Girouard v. Agate

44 So. 2d 388, 1950 La. App. LEXIS 492
CourtLouisiana Court of Appeal
DecidedJanuary 31, 1950
Docket3185
StatusPublished
Cited by2 cases

This text of 44 So. 2d 388 (Girouard v. Agate) is published on Counsel Stack Legal Research, covering Louisiana Court of Appeal primary law. Counsel Stack provides free access to over 12 million legal documents including statutes, case law, regulations, and constitutions.

Bluebook
Girouard v. Agate, 44 So. 2d 388, 1950 La. App. LEXIS 492 (La. Ct. App. 1950).

Opinion

44 So.2d 388 (1950)

GIROUARD et al.
v.
AGATE.

No. 3185.

Court of Appeal of Louisiana, First Circuit.

January 31, 1950.

A. Wilmot Dalferes, Lafayette, for appellants.

*389 Mouton & Mouton, Lafayette, for appellee.

ELLIS, Judge.

The plaintiffs in the main suit are seeking damages because of injuries received by their brother which caused his death when he allegedly fell through an elevator shaft in a building owned by the defendant Agate and under lease to Bernard LeBlanc, who in turn had subleased the upper floor of the building to Parkerson-Dupuis, Inc. for a temporary office.

By way of answer to the suit the defendant prayed that Bernard LeBlanc be called in warranty to defend the suit and for judgment against him for whatever amount be rendered against the defendant. To this call in warranty Bernard LeBlanc filed an exception of no cause or right of action. On the exception of no right of action evidence was taken, and after due hearing the trial court rendered judgment maintaining the exceptions of no right and of no cause of action to the call in warranty.

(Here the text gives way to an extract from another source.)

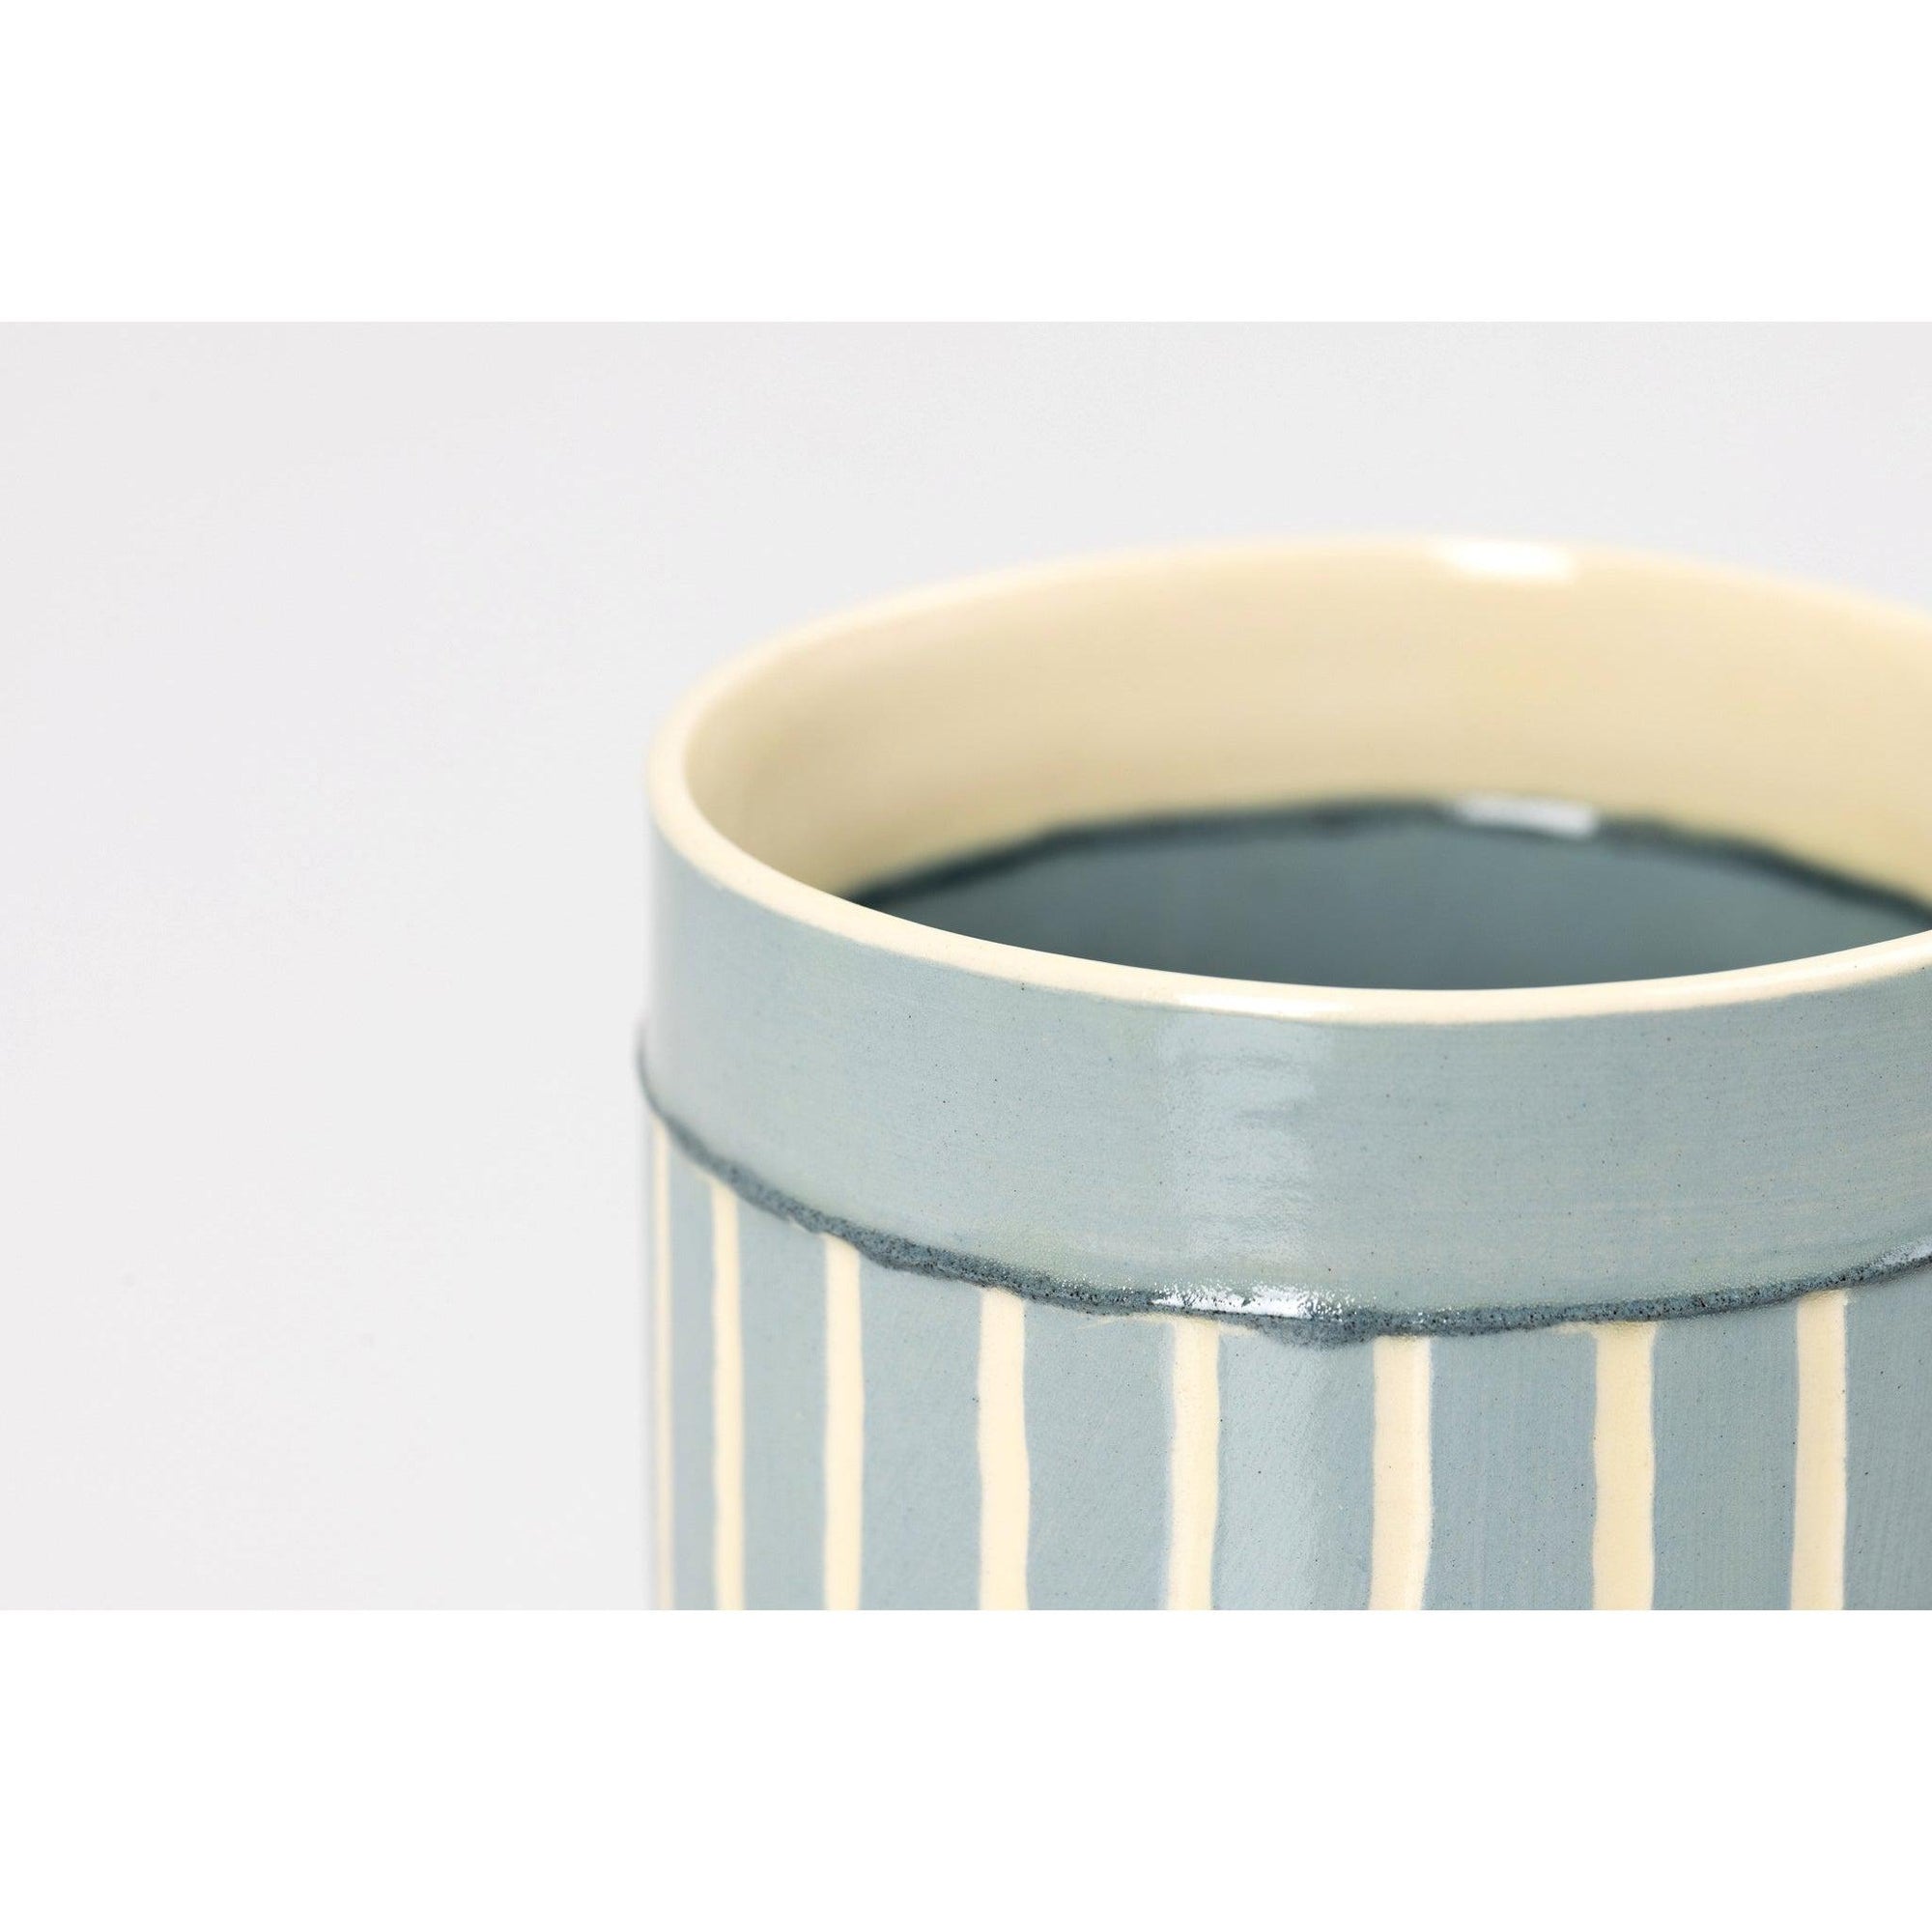 SV6 Small Vessel, handbuilt ceramic created by Emily-Kriste Wilcox, available from Padstow Gallery, Cornwall

From this adverse ruling, the defendant has taken this appeal. Both counsel have filed quite extensive briefs, however, the defendant is basing his call in warranty upon an alleged violation by LeBlanc of the provisions of Articles 2710 and 2711 of the Civil Code. To put it as stated in defendant's brief, this case "involves a failure of the lessee to carry out the obligations under the plain terms and conditions of Articles 2710 and 2711, C. C." He does not contend that his call is based upon the Code of Practice, Articles 378 or 379. An examination of the contract of lease entered into between the defendant and Le Blanc fails to disclose any contract of warranty or any assumption of responsibility for the condition of the premises under the provisions of Act No. 174 of 1932. There is no obligation set forth in the lease whereby LeBlanc is called to defend an action against Agate arising from his failure to keep the building in proper repair, nor does the contract contain any assumption by LeBlanc of an obligation to pay anything in the nature of a debt which might be due by the lessor, Agate, which, of course, could not exist in this case as this is an action in tort for the recovery of damages. Therefore, if the call in warranty is not based on a contract of warranty under Article 379 of the Code of Practice, it must be based on some statutory provision. See Bank of Baton Rouge v. Hendrix et al., 194 La. 478, 193 So. 713.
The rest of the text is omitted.